Summary of ICC and CV for intraobserver agreement, interobserver agreement and test–retest reproducibility

Intraobserver agreement Interobserver agreement Test–retest
ICC CV ICC CV ICC CV
Overall n = 47 0.99 (0.98–0.99) 5% 0.89 (0.8–0.934) 17.90% 0.916 (0.85–0.95) 14.50%
Diffuse (S1*) n = 24 0.98 (0.95–0.99) 5.80% 0.46 (0.06–0.72) 29% 0.81 (0.59–0.9) 19.10%
Diffuse (S2*) n = 24 0.95 (0.85–0.98) 9.6% 0.9 (0.55–0.96) 14% 0.58 0.23–0.8 27.5%
Focal n = 23 0.98 (0.95–0.99) 4.50% 0.82 (0.63–0.92) 12.80% 0.83 (0.65–0.925) 12.10%
Impact of bed position
Thorax n = 20 0.97 (0.93–0.99) 5.69% 0.87 (0.7–0.95) 13.90% 0.81 (0.59–0.92) 14.10%
T-Diffuse n = 6 0.99 (0.97–0.99) 2% 0.54 (-0.06–0.9) 31% 0.73 (0.03–0.96) 13.9%
T-Focal n = 14 0.91 (0.74–0.97) 6% 0.71 (0.32–0.89) 11.6% 0.6 (0.11–0.85) 13.8%
Pelvis n = 22 0.99 (0.99–0.99) 3.48% 0.89 (0.75–0.95) 22.80% 0.953 (0.89–0.98) 14.96%
P-Diffuse n = 15 0.97 (0.93–0.99) 6.40% 0.33 (-0.18–0.71) 32.70% 0.77 (0.44–0.92) 22.90%
P-Focal n = 7 0.99 (0.99–0.99) 0.90% 0.86 (0.42–0.97) 14.80% 0.94 0.83–0.99 9.20%
Head and Neck n = 5 0.988 (0.91–0.99) 5.5% 0.93 (0.5–0.99) 11.4% 0.93 (0.47–0.99) 12.9%
H-Diffuse n = 3 0.95 (0.19–0.99) 7.5% 0.86 (-1.2–0.99) 12.9% 0.77 (-0.56–0.99) 16.8%
H-Focal n = 2 0.99 (0.97–0.99) ID** 0.98 (0.13–0.99) ID** 0.99 (0.36–0.99) ID**
Impact of lesion size
Small n = 8 0.98 (0.91–0.99) 3.10% 0.54 (-0.15–0.89) 18% 0.96 (0.81–0.99) 4.50%
Large n = 15 0.98 (0.93–0.99) 4.92% 0.9 (0.73–0.96) 9.82% 0.8 (0.51–0.93) 13.50%

CV, coefficient of variation; ICC, intraclass correlation coefficient.

* Diffuse S1: Sampling technique, S2: Whole Segmentation technique. ID** : Insufficient

Figure 4.

Figure 4.

Bland–Altman plots (a,c,e) and scatter plotgrams (b, d, f) for mean ADC values of overall test– retest (a, b), interobserver agreement (c, d) and intraobserver agreement (e, f). ADC, apparent diffusion coefficient.

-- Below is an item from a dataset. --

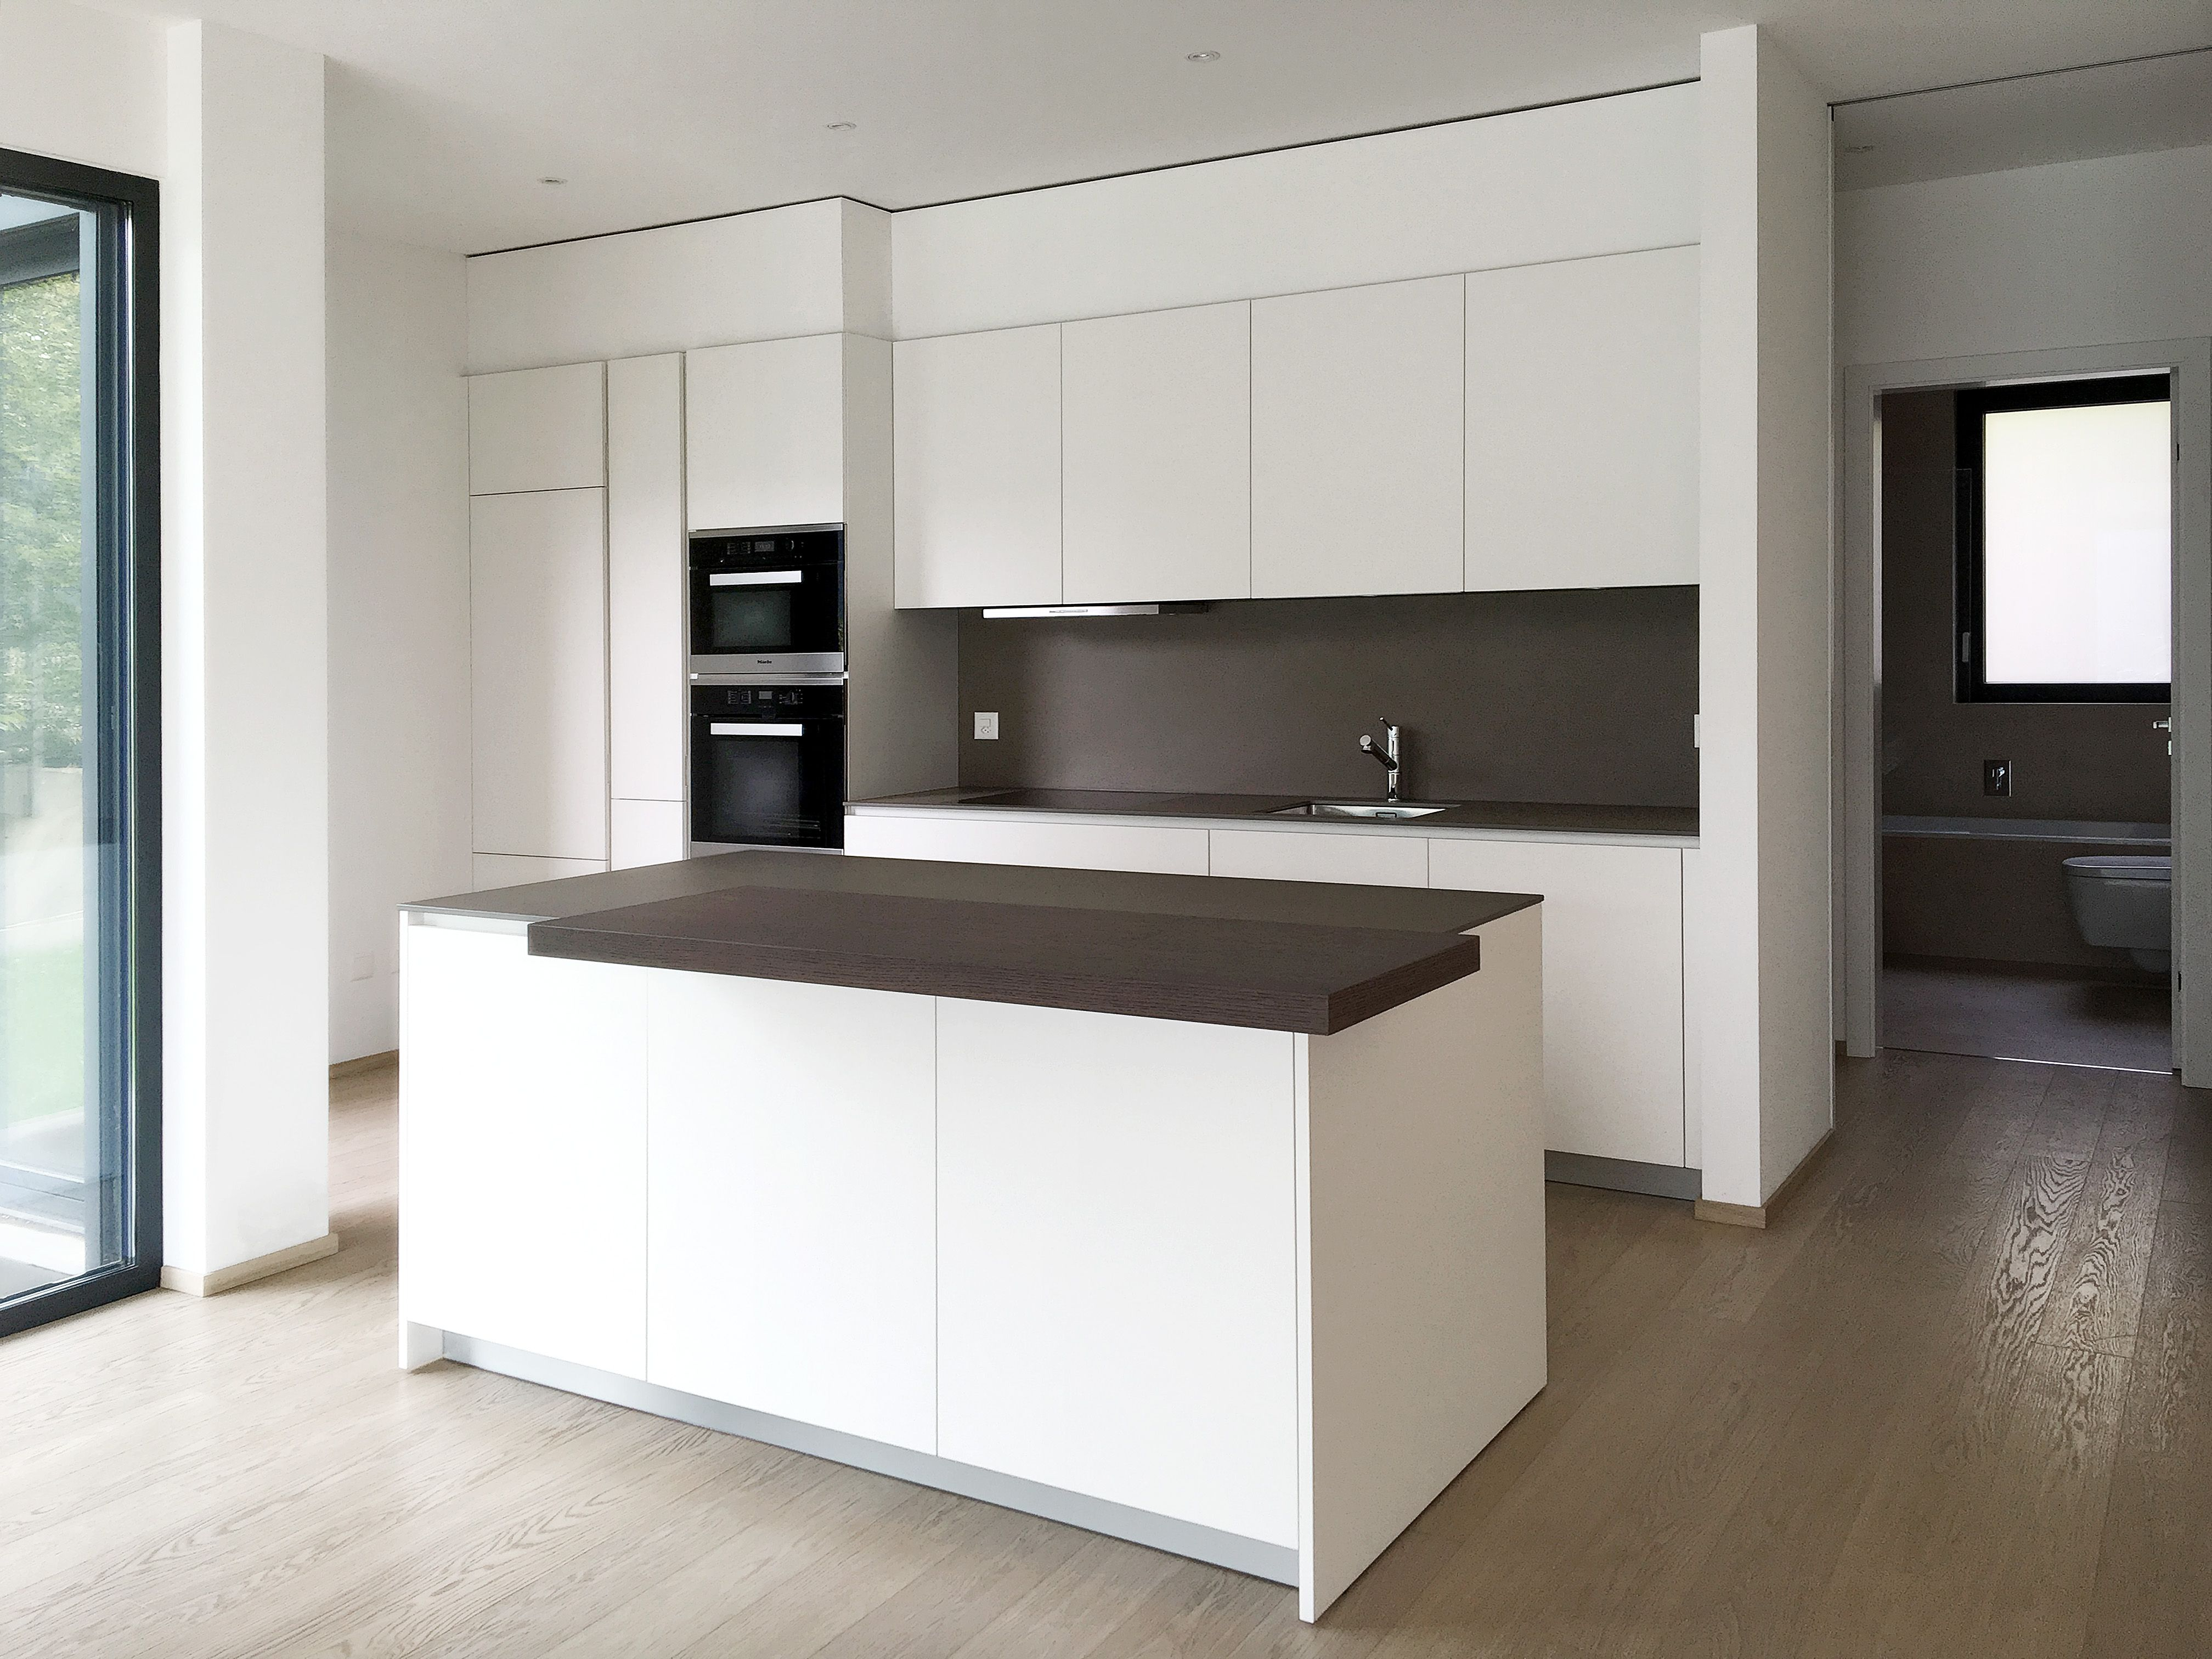 Cucina design varenna poliform laccata bianca con piano in ceramica cucine varenna canton - Isole cucine moderne ...

Overall, there was excellent intraobserver agreement with ICC being 0.99 and CV being 5% (n = 47) (Figure 4). The interobserver agreement was good with lower value of ICC (0.89) and higher value of CV (17%). The test–retest reproducibility had excellent ICC and CV values (0.916 and 14.5% respectively). Similar values of ADC measurements were obtained between the two software: Image J (v. 1.5, NIH) and ITK SNAP (v. 3.6.0) and no further statistical analysis were required.

Diffuse disease vs focal lesions

Focal lesion ADC measurements (n = 23) had excellent intra- and interobserver agreements and test–retest reproducibility with ICCs values above 0.8 and CV values below 15% (Supplementary Figure 1). However, the ADC measurements for diffuse infiltration (n = 24) using sampling technique had a poor interobserver agreement (ICC = 0.46, CV = 29%) and moderate test–retest reproducibility (ICC = 0.81, and CV = 19.1%). On repeating ADC measurements of diffuse disease using whole slice segmentation technique, there was improvement in interobserver agreement (ICC = 0.9 vs 0.46) in contrast to test–retest reproducibility that was moderate (ICC = 0.58 vs 0.81; CV = 27.5%).

Supplementary Figure 1.

Impact of bed position

For focal lesions, the intraobserver agreement was excellent for both pelvic and thoracic bed positions (Supplementary Figure 2). The interobserver agreements were good for pelvic focal lesions and moderate for thoracic focal lesions. Higher ICC values were achieved for focal pelvic compared to focal thoracic lesions in test–retest reproducibility (ICC = 0.94, CV 9.2% for focal pelvic lesions vs 0.6, CV 13.8% for focal thoracic lesions). Head and neck lesions (n = 5) showed excellent intra- and interobserver agreement and test–retest reproducibility. However, the number of lesions are too small to make any meaningful conclusions or comparisons.

Supplementary Figure 2.

Small vs large lesions

Excellent intraobserver agreement was achieved for both small (<10 mm, n = 8) and large (>10 mm, n = 15) focal lesions (Supplementary Figure 3). The test–retest reproducibility was excellent for small lesions and moderate for large lesions. For small lesions, there was moderate interobserver agreement with ICC value of 0.54 and CV of 18%. For large lesions, interobserver agreement was excellent (ICC = 0.9 CV=9.8%).

Supplementary Figure 3.

Discussion

WB-DW- MRI is now considered standard of care for imaging of multiple myeloma patients and increasingly used for response assessment. The recent Myeloma Response Assessment and Diagnosis System 19 guidelines propose visual response assessment categories. However, they also stipulate ADC cut-offs to allocate into various response categories. 19 In addition, there is increasing interest in assessing change in ADC measurement as a biomarker of response. Therefore, knowledge of repeatability and reproducibility of ADC measurement is highly important.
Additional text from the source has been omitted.